Observability — Junior Interview Questions¶

Collection: System Design · Level: Junior · Section 24 of 42 Goal: Confirm you can explain the three pillars of observability, turn vague "is it healthy?" questions into measurable signals (SLIs, SLOs, error budgets), apply the RED and USE methods to pick the right metrics, follow a request across services with distributed tracing, and reason about how telemetry is collected, stored, and turned into alerts that a human can act on.

Observability is the difference between "the site feels slow" and "the checkout service's p99 latency tripled at 14:03 because its database connection pool saturated." A junior answer here is one that names concrete signals and tools — OpenTelemetry, Prometheus, Jaeger, the ELK stack — and that distinguishes monitoring (watching things you already knew to watch) from observability (being able to ask new questions of a running system without shipping new code). Each question lists what the interviewer is really probing, a model answer, and often a follow-up they will ask next.

Contents¶

Logs, Metrics, Traces — the Three Pillars
SLO / SLI / Error Budgets
RED & USE Methods
Distributed Tracing
Metrics Pipelines
Log Aggregation
Alerting & On-Call
Rapid-Fire Self-Check

1. Logs, Metrics, Traces — the Three Pillars¶

Q1.1 — What are the three pillars of observability, and what is each good for?¶

Probing: Do you know all three and when to reach for each? Juniors often conflate logs and metrics.

Model answer:

Pillar	What it is	Best at	Weak at	Example tool
Metrics	Numeric measurements aggregated over time (counters, gauges, histograms)	Cheap dashboards & alerts; "is something wrong, and how much?"	Cardinality limits; can't tell you which request failed	Prometheus, Grafana
Logs	Timestamped, often structured records of discrete events	Deep detail on one event; "what exactly happened here?"	Expensive to store/query at volume; hard to aggregate	ELK (Elasticsearch/Logstash/Kibana), Loki
Traces	The path of a single request across services, as timed spans	"Where in the call graph did time go / did it break?"	Sampling means you may not have the trace you want	Jaeger, Tempo, Zipkin

The shorthand: metrics tell you something is wrong, traces tell you where, and logs tell you why. A good investigation usually flows metric → trace → log, zooming from aggregate to a single line of detail.
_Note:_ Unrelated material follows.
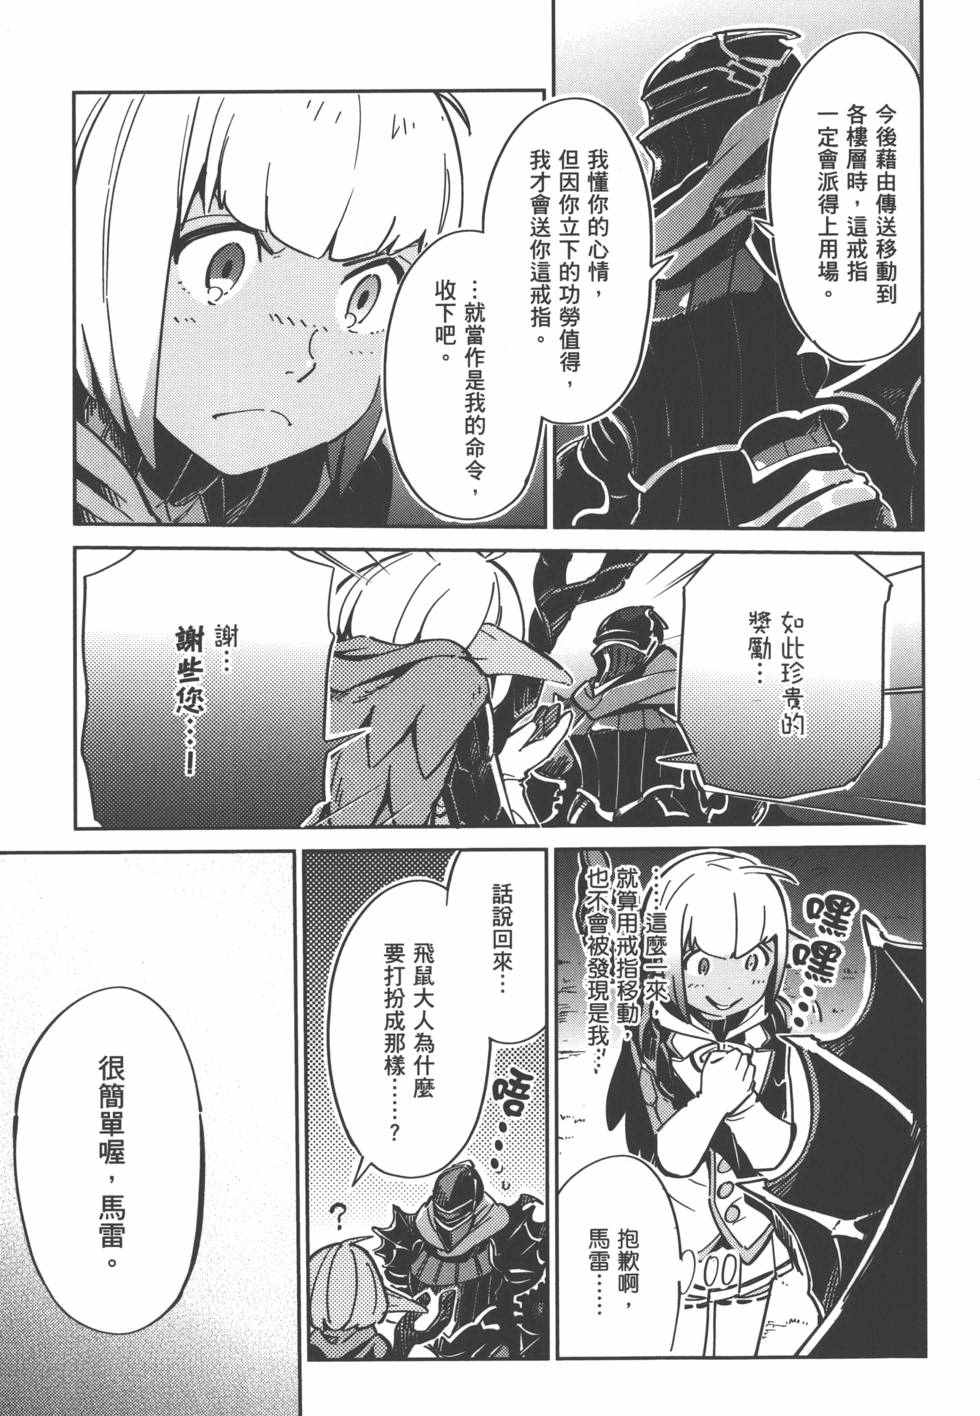 OVERLORD - 第1卷(2/4) - 1

Follow-up: "Why not just log everything and compute metrics from logs?" → Because logs are far more expensive to store and query at scale. Computing a p99 latency by scanning billions of log lines is slow and costly; a pre-aggregated histogram answers it in milliseconds. Logs and metrics are complementary, not substitutes.

Q1.2 — What's the difference between monitoring and observability?¶

Probing: Conceptual maturity — these words are often used loosely.

Model answer: Monitoring is watching a predefined set of signals you already decided matter — CPU, error rate, a dashboard you built in advance. It answers known questions. Observability is a property of the system: having rich enough telemetry (high-cardinality, well-structured) that you can ask new questions about its internal state after the fact, without deploying new code — e.g., "show me latency just for users in Germany on the new app version." Monitoring catches the failures you anticipated; observability helps you debug the ones you didn't.

Q1.3 — What does "structured logging" mean and why does it matter?¶

Probing: Practical logging hygiene.

Model answer: Structured logging emits each log entry as machine-parseable key–value data — typically JSON — instead of a free-text string. So instead of "User 42 failed login from 1.2.3.4" you emit {"event":"login_failed","user_id":42,"ip":"1.2.3.4","ts":"..."}. It matters because you can then query and aggregate logs ("count login_failed by ip") instead of writing fragile regexes against prose. It also pairs naturally with correlation IDs (a trace_id field) so logs can be tied back to a specific request.

2. SLO / SLI / Error Budgets¶

Q2.1 — Define SLI, SLO, and SLA, and how they relate.¶

Probing: The vocabulary of reliability. Juniors frequently mix up SLO and SLA.

Model answer:

Term	Stands for	Plain meaning	Example
SLI	Service Level Indicator	A measured number — the actual signal	"% of requests served in < 200 ms" = 99.92%
SLO	Service Level Objective	The internal target for that SLI	"99.9% of requests in < 200 ms over 28 days"
SLA	Service Level Agreement	A contract with customers, with penalties	"99.5% uptime or we refund 10%"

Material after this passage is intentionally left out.